I read J.D. Salinger’s “Catcher in the Rye” for the first time just a few months ago. I’m not certain why I didn’t read it earlier. It’s hard to believe that the book would have still been viewed as “controversial” by the late 1980s, when I was in highschool. But it may have been, or perhaps there was an entirely different reason it was absent from the curriculum.
At any rate, I can imagine that the book would have affected me very differently as an adolescent than it did reading it now as an adult. It seems that most adolescents invariably identify with the book’s sullen protagonist, Holden Caulfield, and for good reason. Holden gives voice to a profound sense of alienation and confusion that resonates deeply with the experience of adolescence, for many.
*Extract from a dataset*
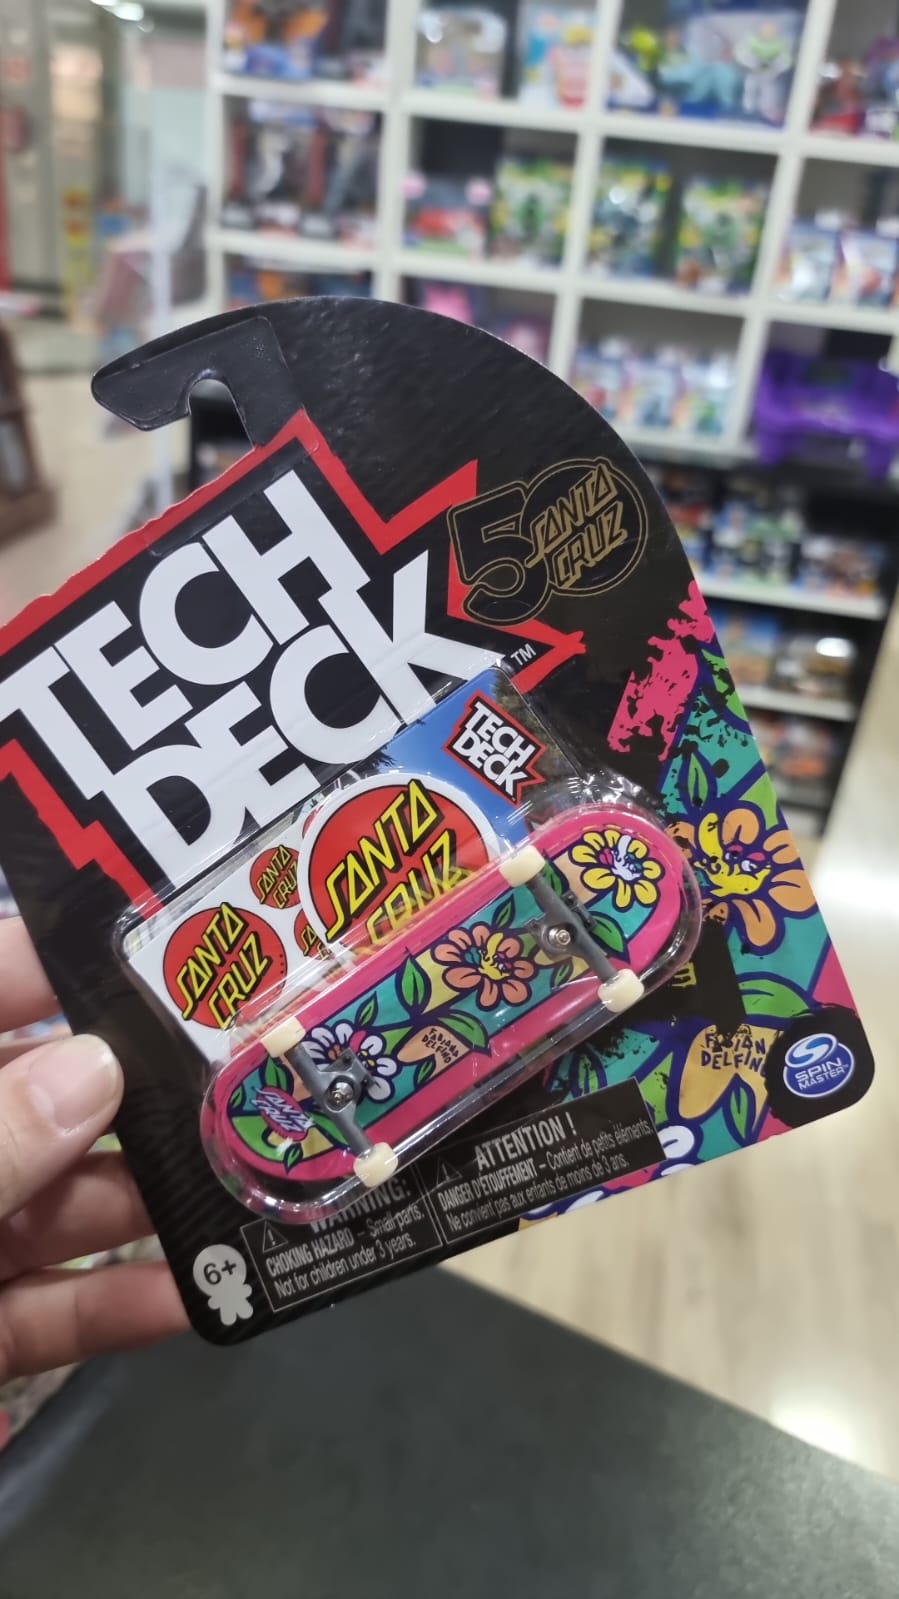 Tech Deck Skate De Dedo Profissional - Sunny 2890 - Ri Happy

As an adult reading the book, I was much more focused on the ways in which the adults in Holden’s life were failing him: failing to understand him, to listen to him, to perceive his obvious—if unruly—intelligence.
And as an attorney and a teacher of future attorneys, one passage in particular jumped out at me. It appears near the end of the book, on the page immediately preceding Holden’s revelation that what he wants out of life is to be “the catcher in the rye”—an adult who looks out for children who are lost or in danger; the exact person missing from Holden’s own life.
Holden comes to realize that he wants to be the catcher in the rye in the course of a conversation with his younger sister, Phoebe. She is worried about Holden and his malcontent ways, and is trying to figure out what her big brother will do with his life.
Phoebe asks Holden if he might become a lawyer, like their father. To which Holden replies:
“Lawyers are all right, I guess — but it doesn’t appeal to me,” I said. “I mean they’re all right if they go around saving innocent guys’ lives all the time, and like that, but you don’t do that kind of stuff if you’re a lawyer. All you do is make a lot of dough and play golf and play bridge and buy cars and drink Martinis and look like a hot-shot. And besides. Even if you did go around saving guys’ lives and all, how would you know if you did it because you really wanted to save guys’ lives, or . . . you did it because what you really wanted to do was be a terrific lawyer, with everybody slapping you on the back and congratulating you in court when the goddam trial was over, the reporters and everybody . . . ? How would you know you weren’t being a phony? The trouble is, you wouldn’t.”
What is interesting is that Holden acknowledges that at least some lawyers do what Holden himself wants to do: to “save guys’ lives”; to help people. But he nonetheless has disdain for the profession, because even those lawyers that do help people are tainted by their class aspirations—their desire to “play golf and play bridge and buy cars and drink Martinis and look like a hot-shot,” or at the very least to appear successful and powerful.
Most damning is Holden’s belief that lawyer’s themselves are not even aware of their own motivations, and, indeed, cannot separate out their altruistic goals and their desire for personal and social power.
Part of me thinks this is true. That even those who desire to dismantle the master’s house have committed themselves to acquiring the master’s tools (as manifested by the decision to go to law school and become lawyers), and through this process necessarily relinquish some understanding of those who are disenfranchised. More than that, we necessarily come to identify to some extent with the class that has traditionally been empowered to move the levers of the law.
To return to a theme touched on elsewhere in this blog, resisting this impulse requires careful and intentional cultivation of a sort of double consciousness, where you acquire sufficient markers of the professional class to communicate effectively with others belonging to that class, while at the same time preserving the values and wisdom you had before you became a lawyer.